How to Understand the Stock Market Nowadays
These days, the stock market investors make many mistakes. Then they try to find out what happened to some classical ideas of investing in the stock market and why old-time approaches do not work. Is stock market the same or it changed? How the age of worldwide economical integration, new technologies, and global problems affect the stock market investing? No doubt, in the last decade stock investing changed. Among the major changes are:
- Globalization (strong economical dependencies, accessible global stock exchanges).
- Technologies (instant delivering news, fast-triggered automated trading systems).
- Investors' psychology (high sensitivity to news, more irrational behavior).
The stock market of the last decade characterized by faster stocks' price movements, lesser predictability, and stronger dependencies on global factors. Due to the Internet, the news becomes much stronger factor too. Under influence of news, modern investors are prone to give up a rational behavior and follow temporal emotions. Specific information can drive the market easily through investors' fast feedback. The mentioned above three new-age changes have up-trend character. The stock market has a mixed trend-cyclical character. Let's assume that the new-age recent trend will continue and semi-cyclical character of the market will be in force. Therefore, mostly traders, not long-term investors, may play the stock market in the future.
As we know, a stock's price movement is a result of supply and demand. There are several factors that traditionally have an effect on the supply-demand balance, and consequently, form a stock's price. These are: company's fundamentals, industry-market conditions, global and national economies, different types of news, analysts' and experts' opinions, technical analysis signals, seasonal and cyclical fluctuations, the investors' psychology, etc. Evidently, the key to successful investing is the ability to predict these and other factors.

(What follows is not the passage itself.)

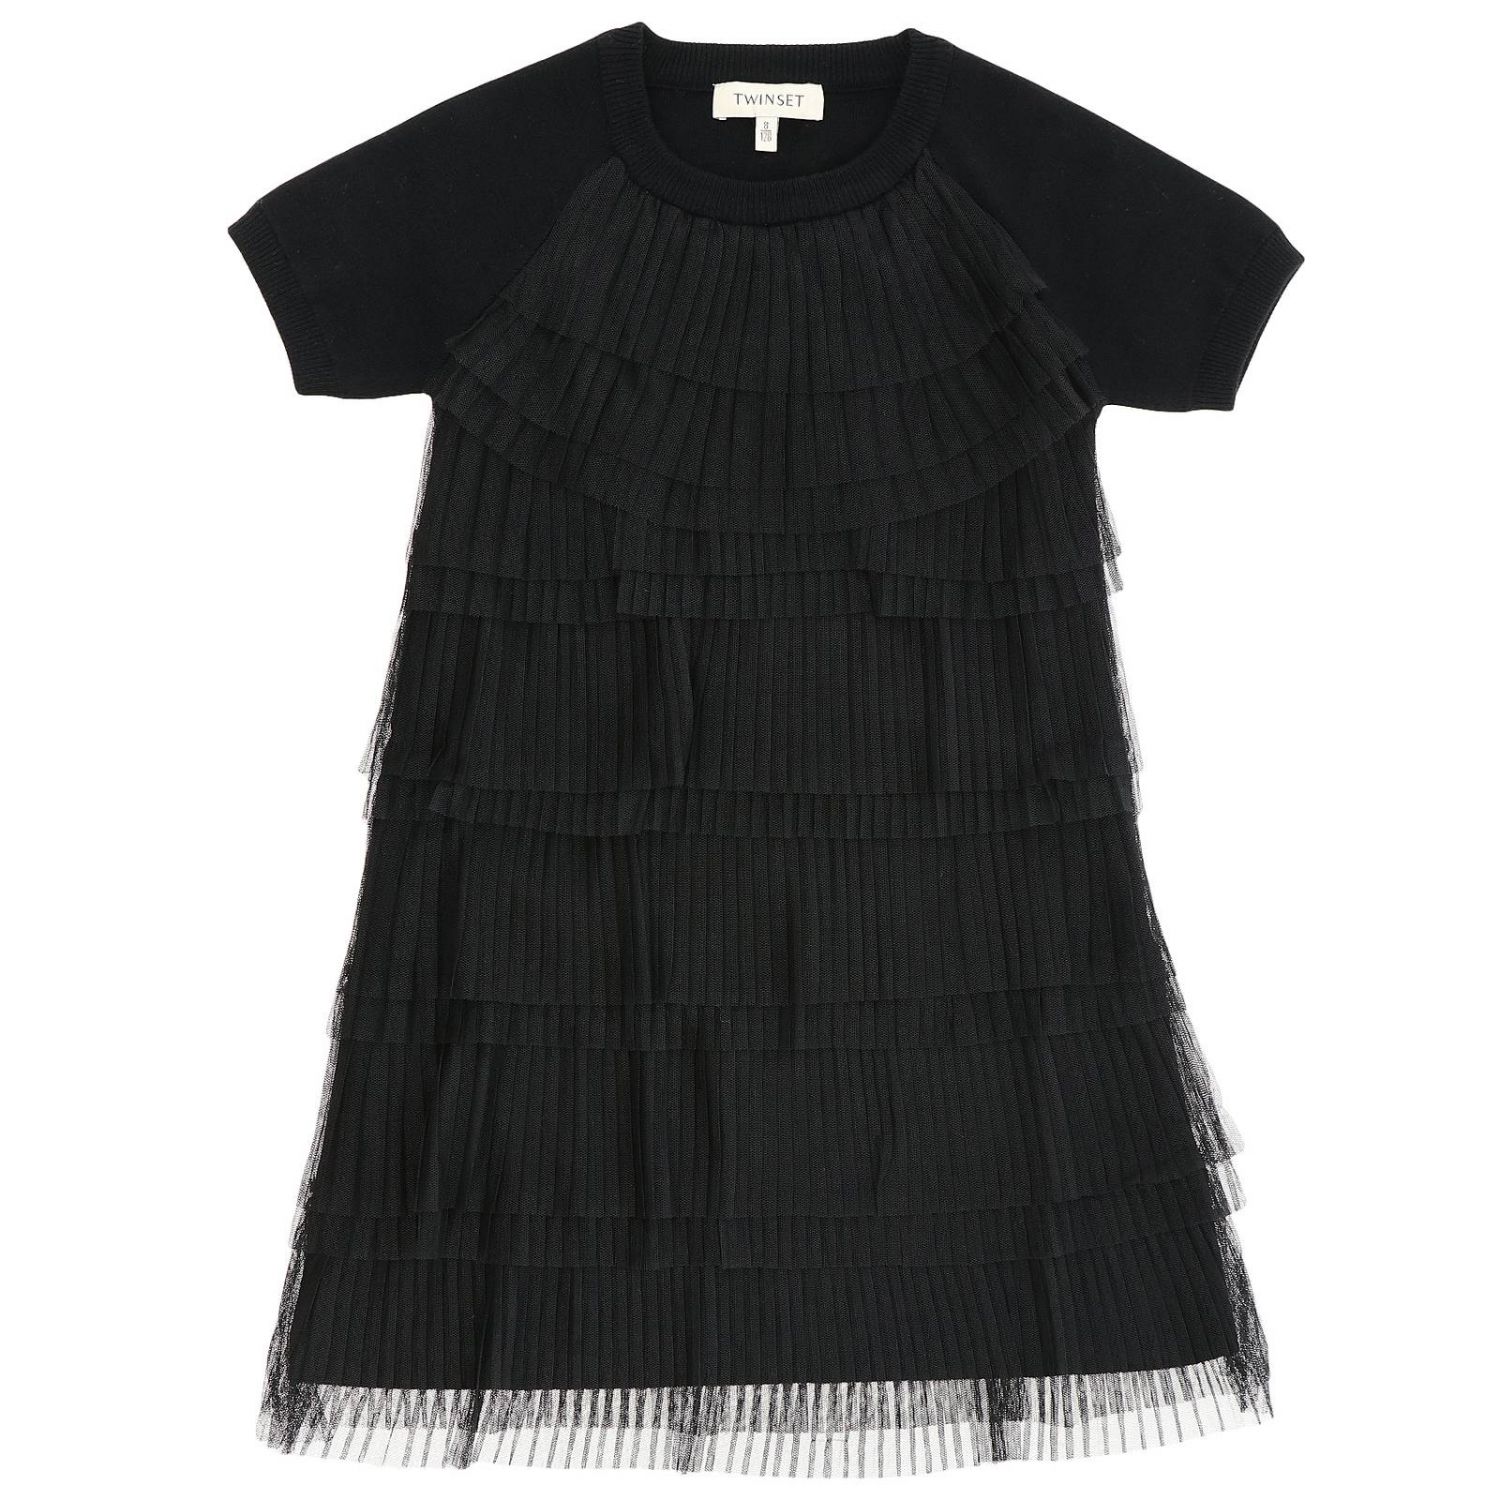 Twinset Outlet: dress for girls - Black | Twinset dress GJ3110 online ...
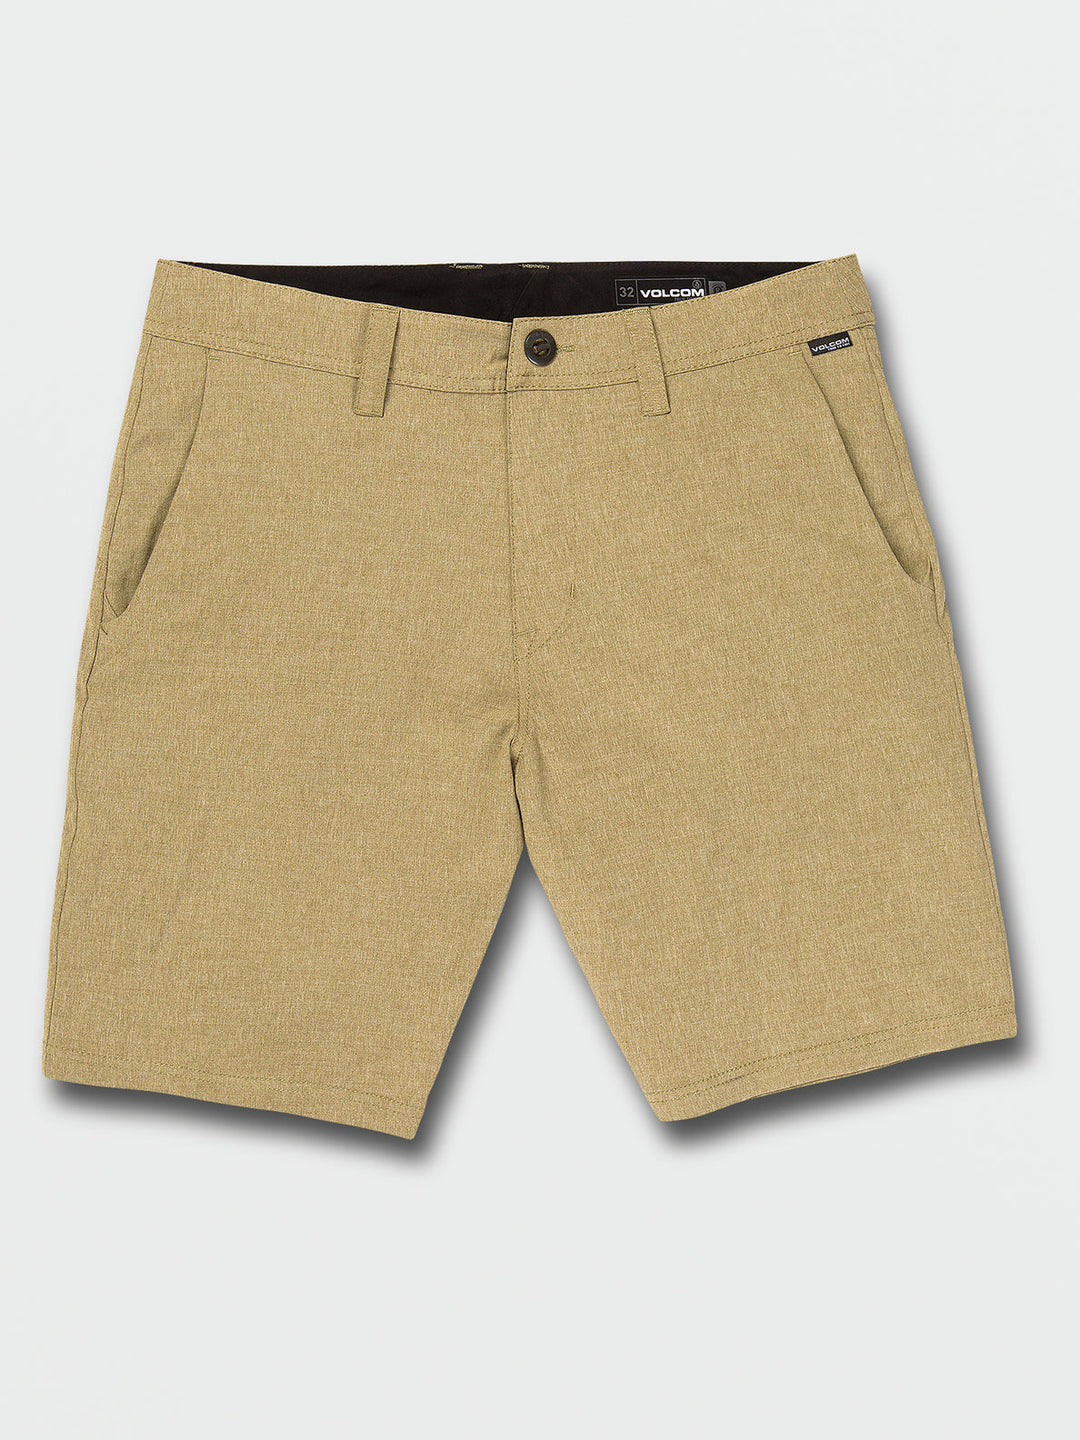 Volcom Frickin Cross Shred Static Shorts - Dark Khaki (Front)

Typically, the stock market prediction can be built on the following approaches: Efficient Market Hypothesis (it states that the prices capture all known information), Fundamental analysis (it considers companies performance and macro-economical conditions), or Technical analysis (it uses historical prices and volumes statistics to detect trend). What approach is the best? Can the combination of different methods improve the accuracy of prediction? In fact, different investors use different approaches and insist that they are right. It seems the different groups of investors have good earnings in the different periods (not all the time).
It is possible that some factors become more dominant time-from-time and drive the market. If we knew the factors that are most influential at each moment, we could apply forecasting methods that are the most appropriate. To this end, the science knows at least two techniques that can be handy: proof from hypothesis and back testing. Both can be employed either by own research or by using the software tools that available. These tools should be powerful enough to perform back-testing simulations for composite hypothesis.
In conclusion, a modern stock market is different than it was ten-twenty years ago, when a strategy "buy-and-hold" was good enough. Now it is much harder to have a decent investment return without a proper research and analysis. Today, the direction of the overall market influences significantly an individual stock, many classical approaches fail, the stock market changes its character, and emotional factors become more powerful. At present, winning in the stock market is based mostly on right information and right tools.